Work request:
Restate the full listing word for word and leave the pictures out.

Provided material:
== Segment start ==

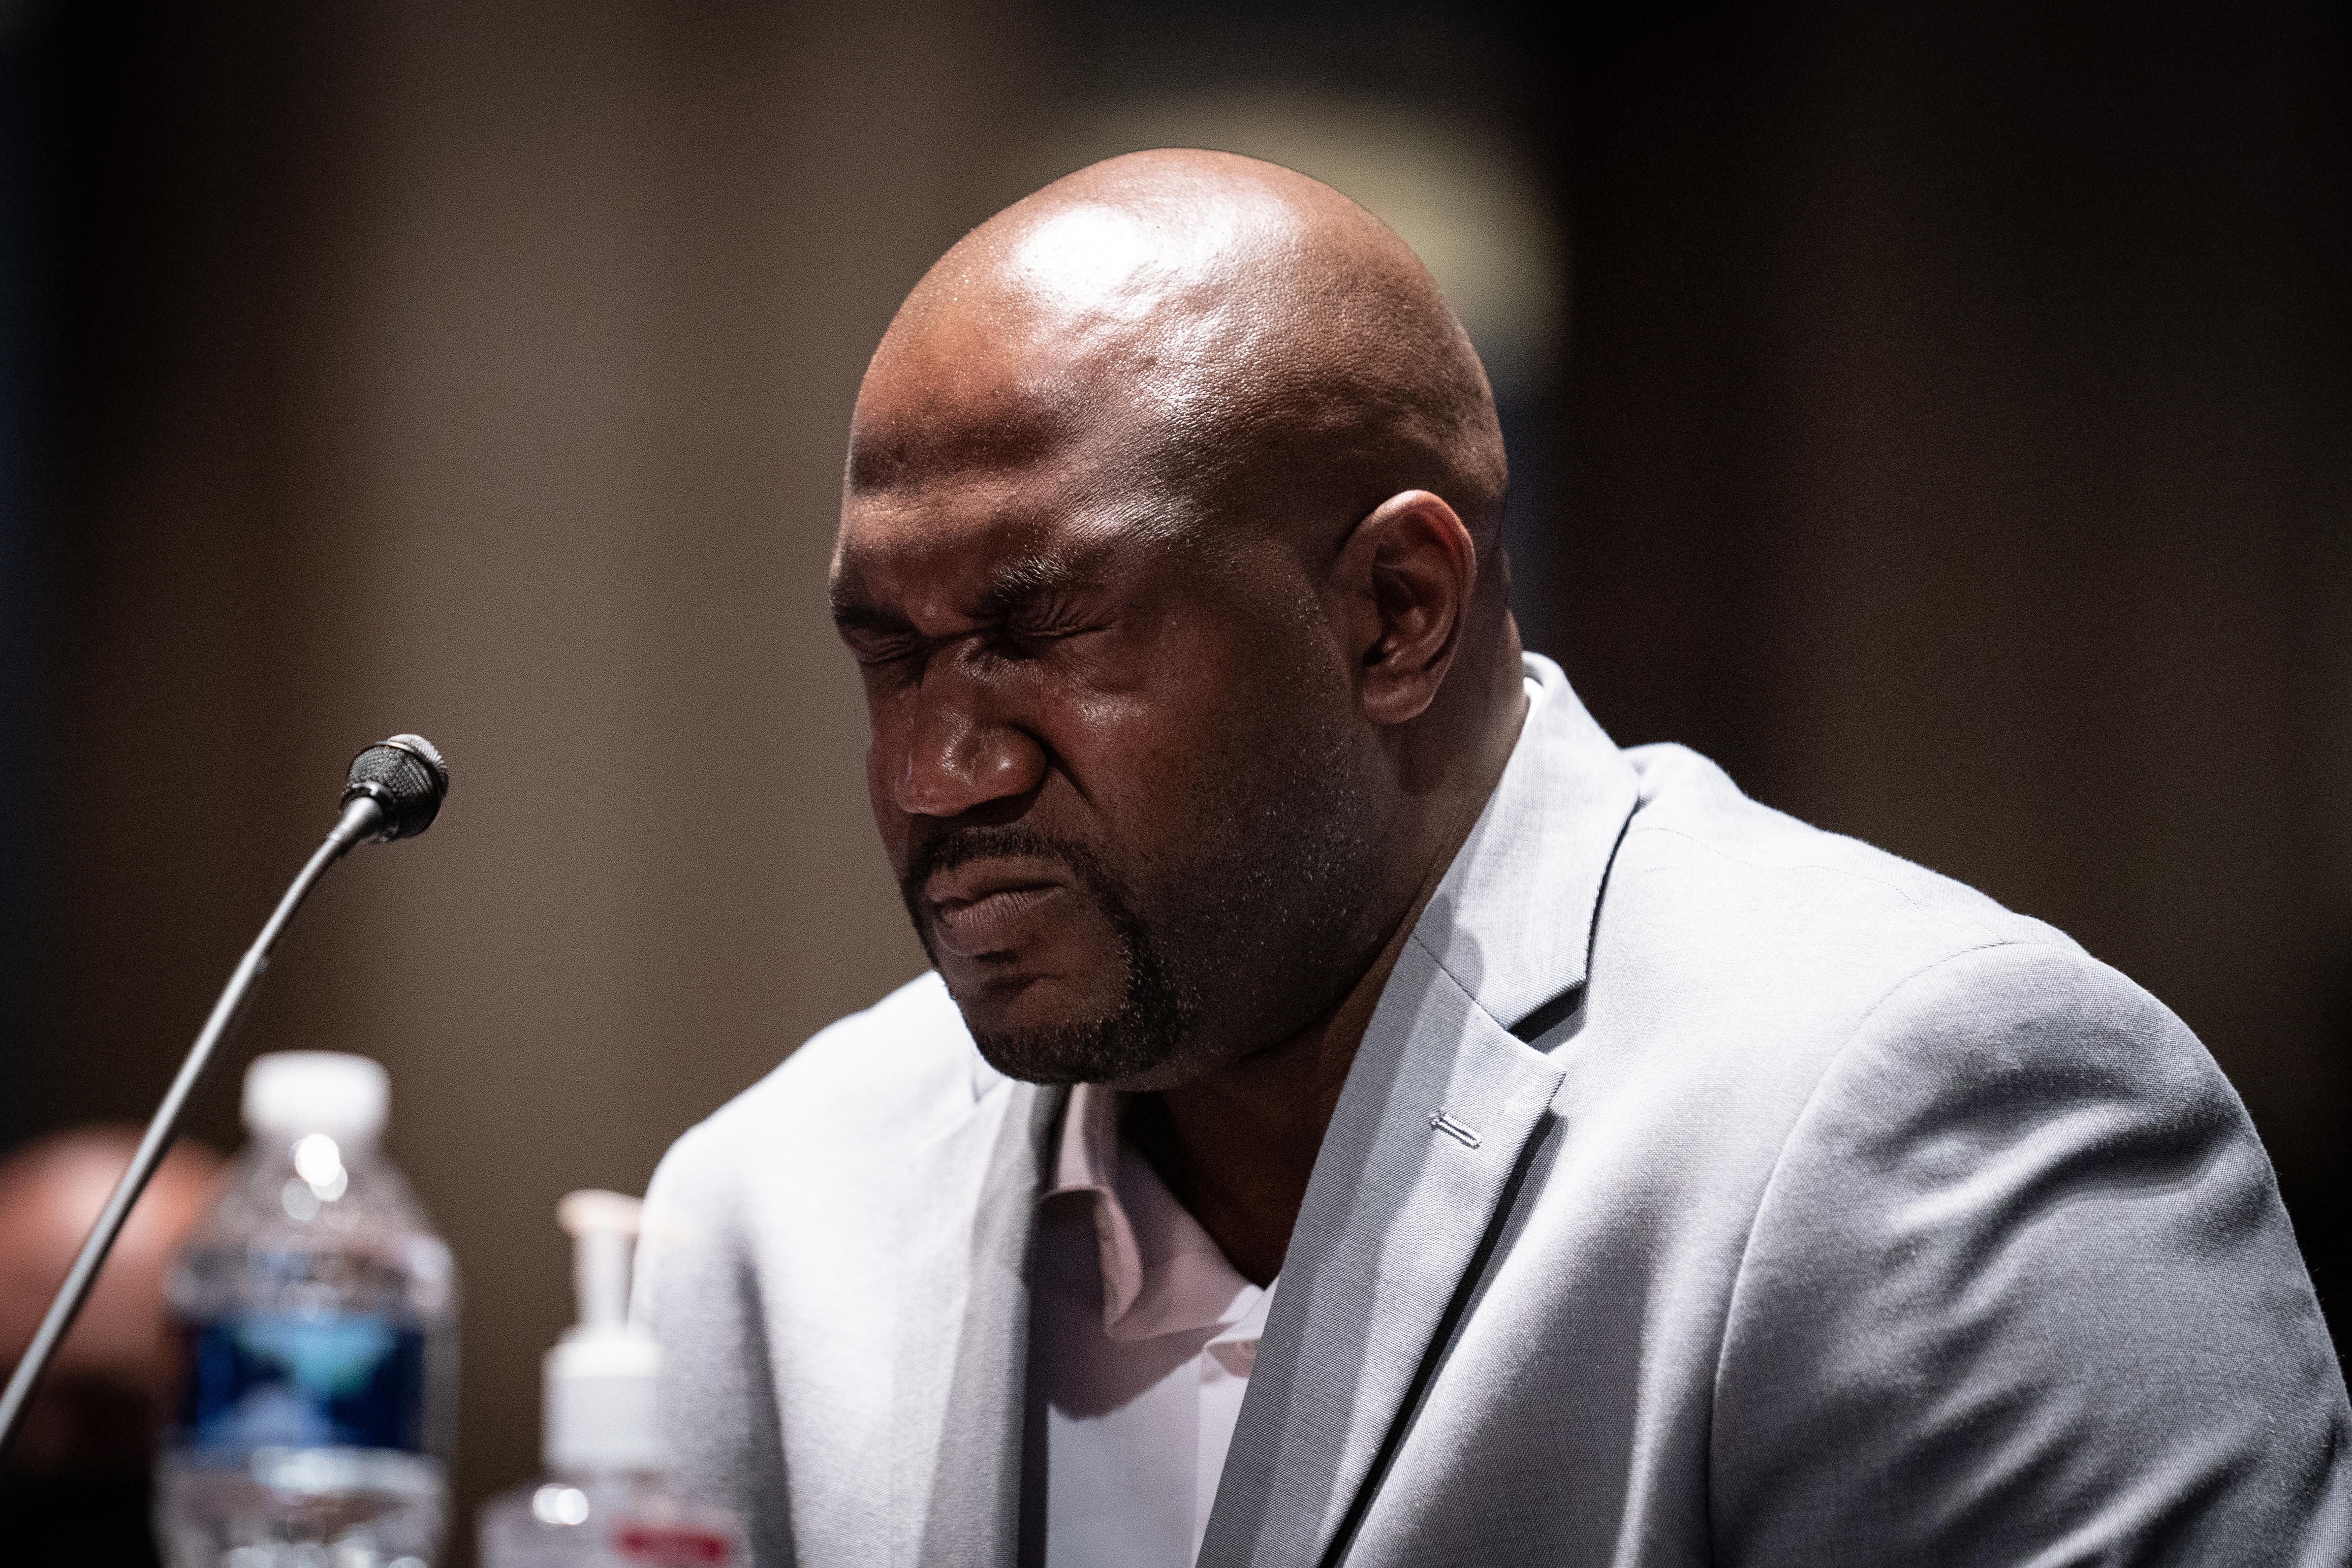 ジョージ・フロイドの弟であるフィロニーズ・フロイドは、下院司法委員会で警察の説明責任に関する公聴会で証言しながら涙を流している。
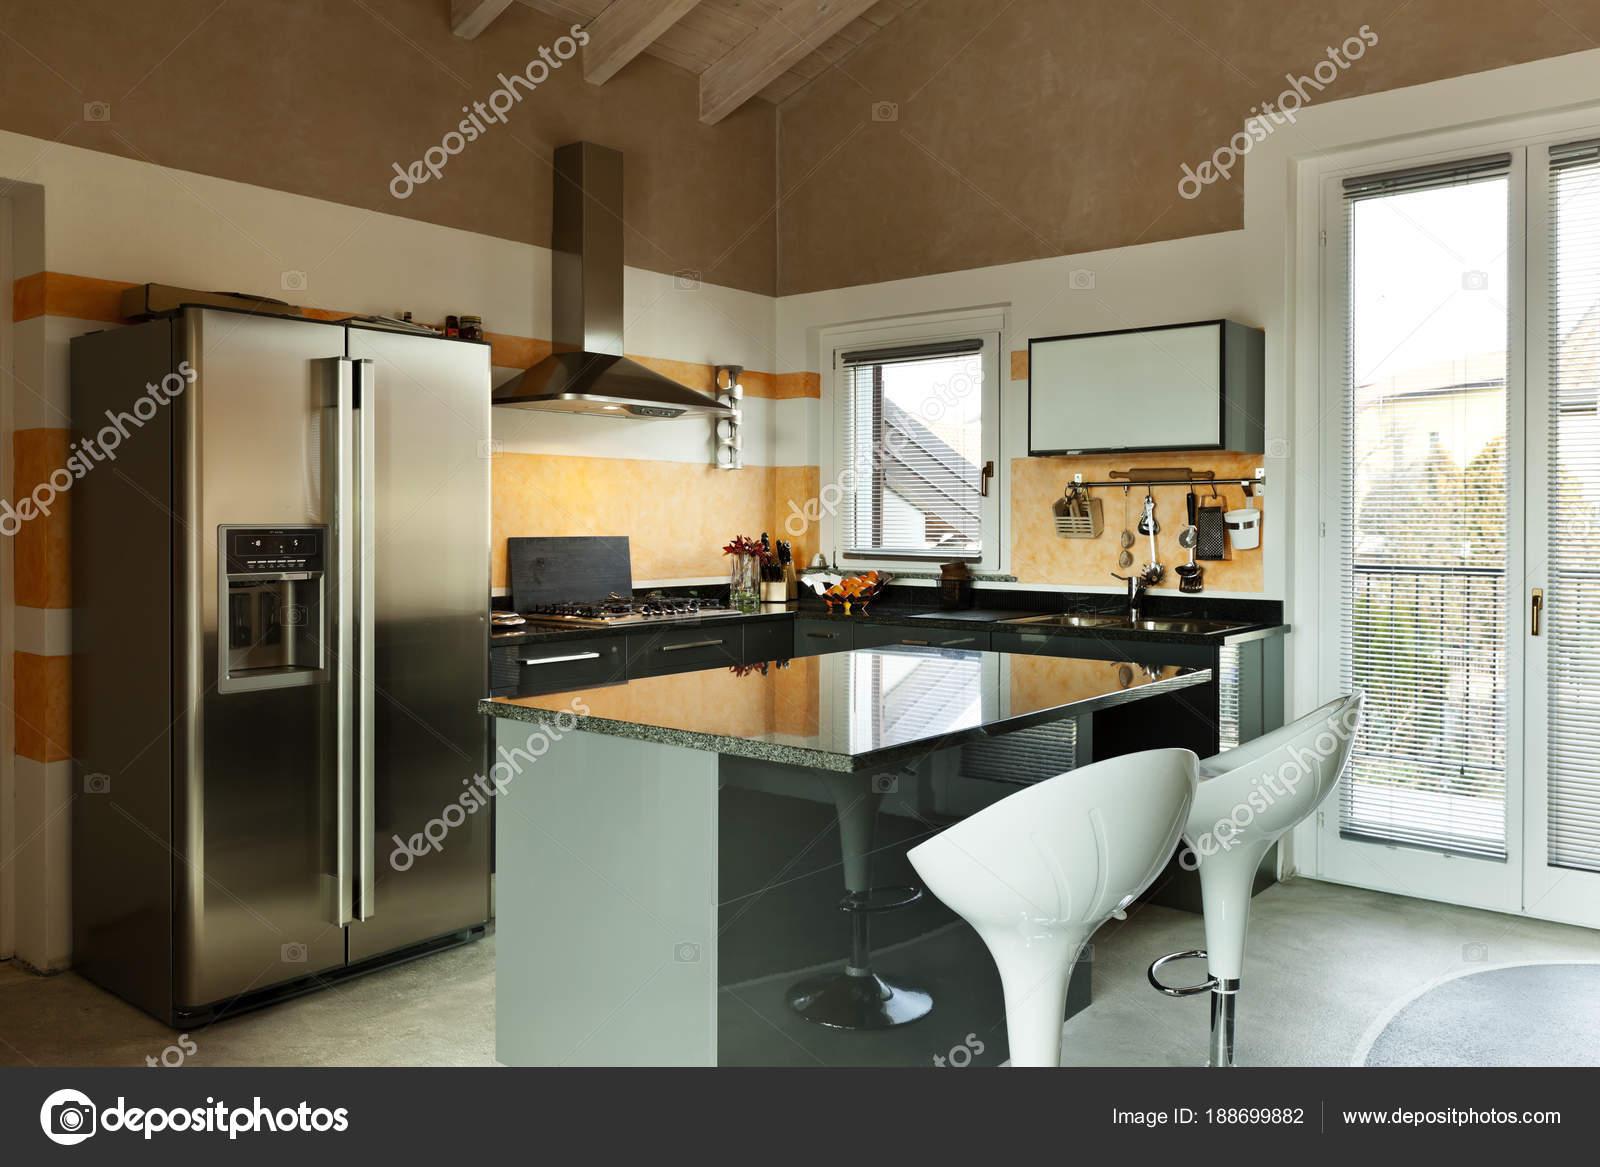 Loft Interior Nova Decorado Ilha De Cozinha Com Duas Cadeiras
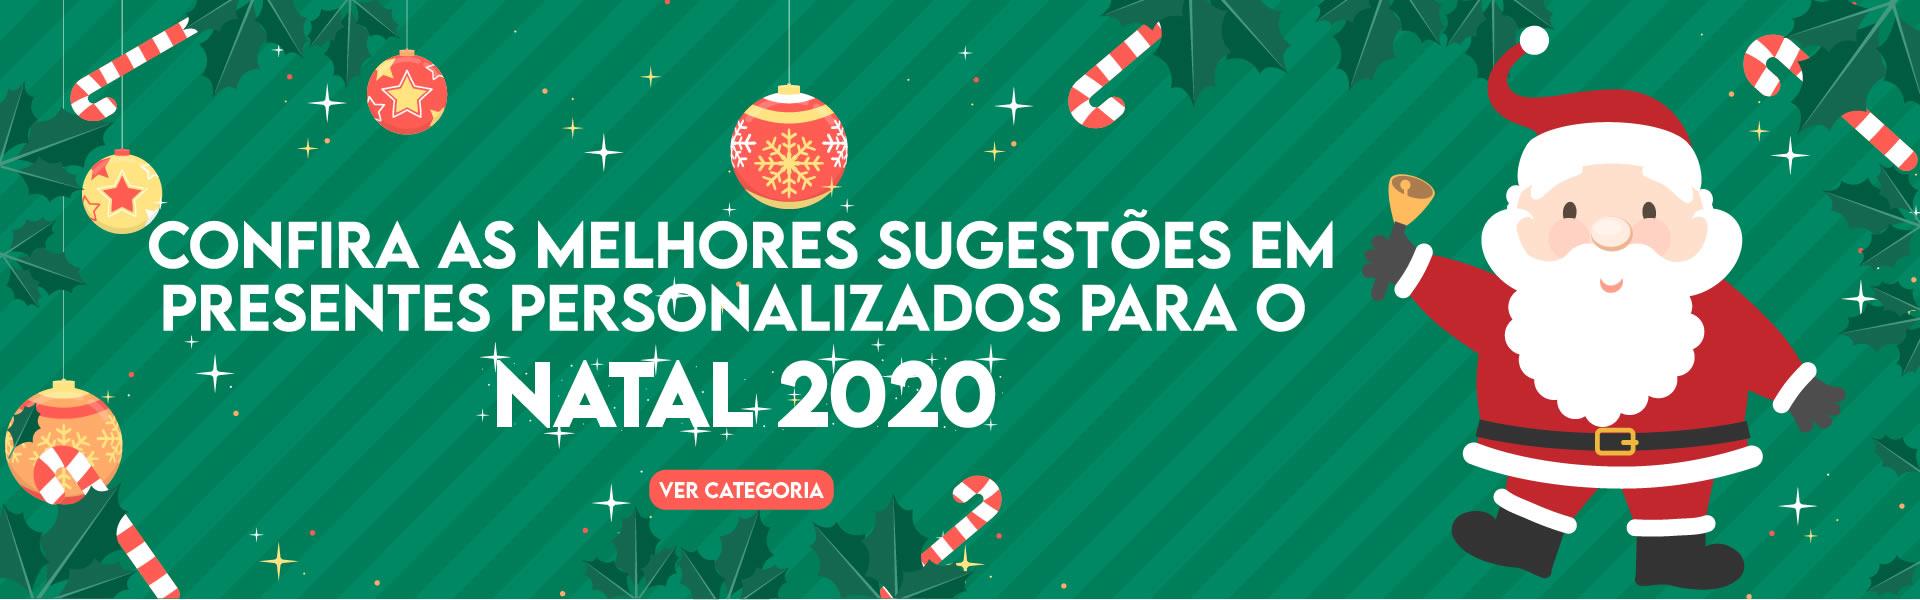 Brindes Personalizados Natal 2020
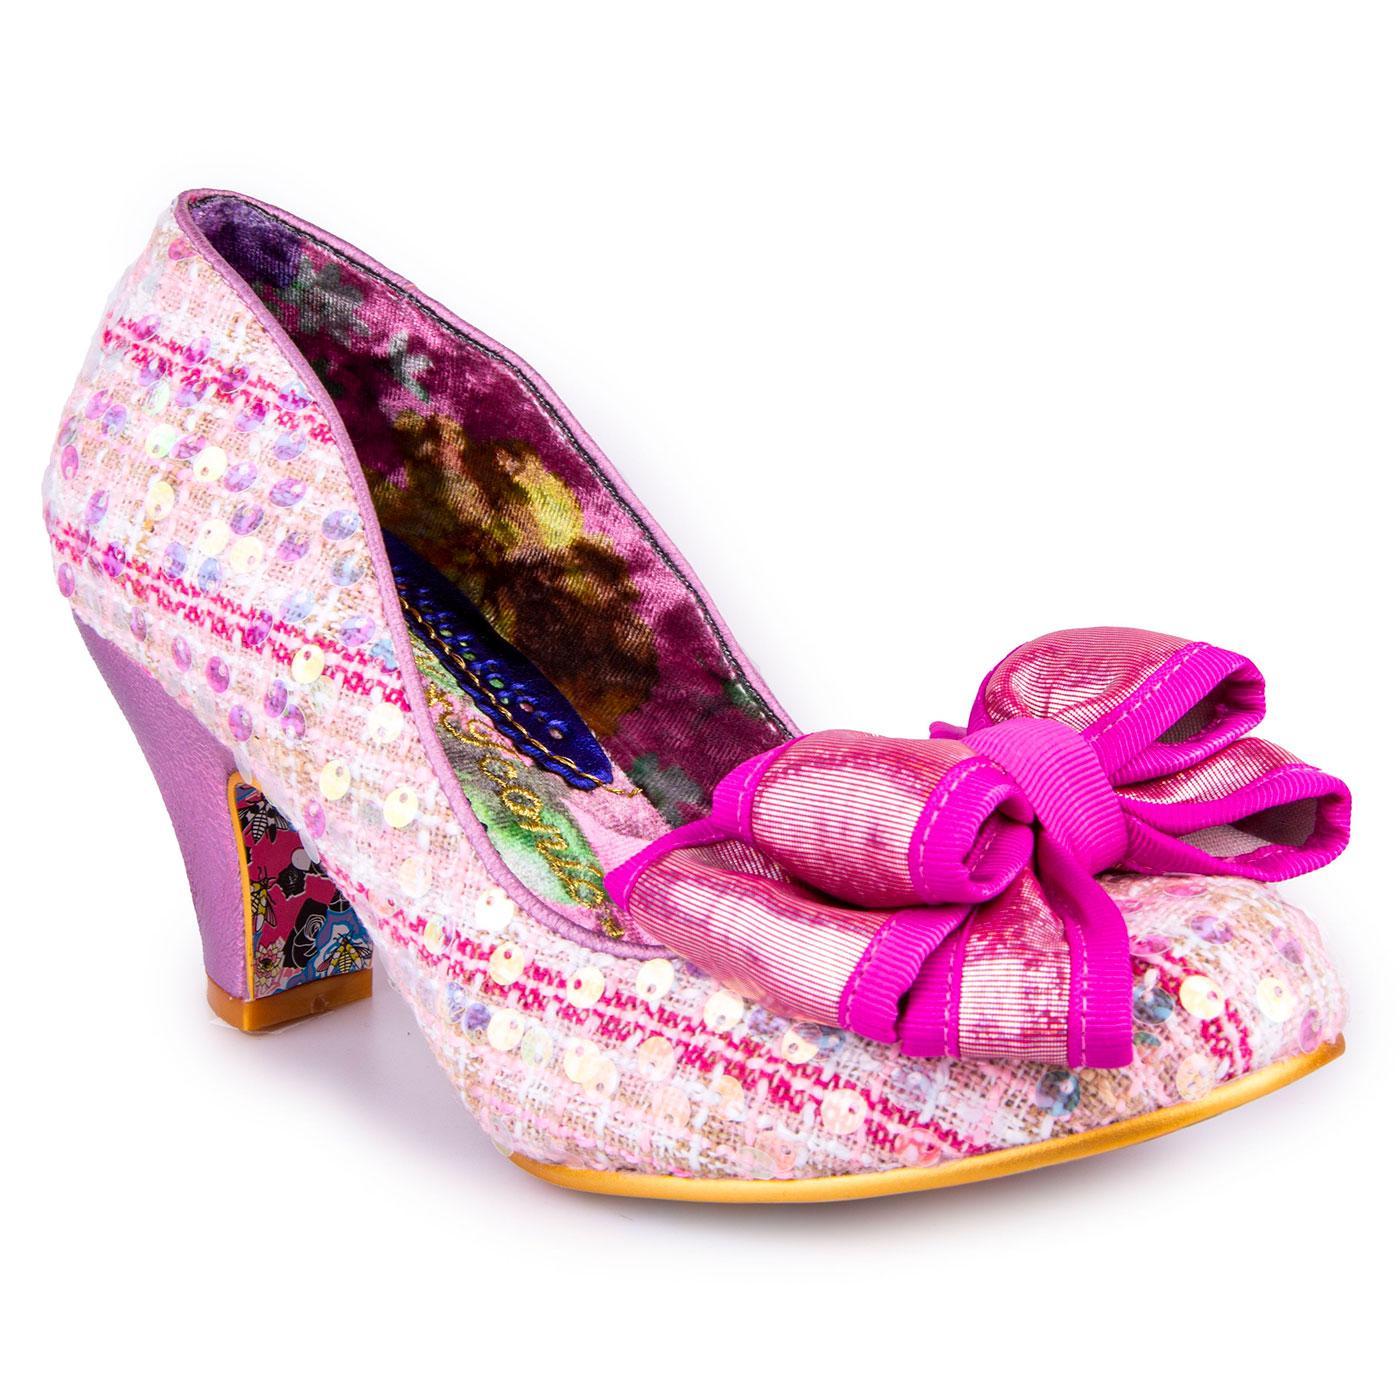 Ban Joe IRREGULAR CHOICE Retro Tweed Shoes - Pink

== Segment end ==

Result of this exercise:
 ジョージ・フロイドの弟であるフィロニーズ・フロイドは、下院司法委員会で警察の説明責任に関する公聴会で証言しながら涙を流している。
 Loft Interior Nova Decorado Ilha De Cozinha Com Duas Cadeiras
 Brindes Personalizados Natal 2020
 Ban Joe IRREGULAR CHOICE Retro Tweed Shoes - Pink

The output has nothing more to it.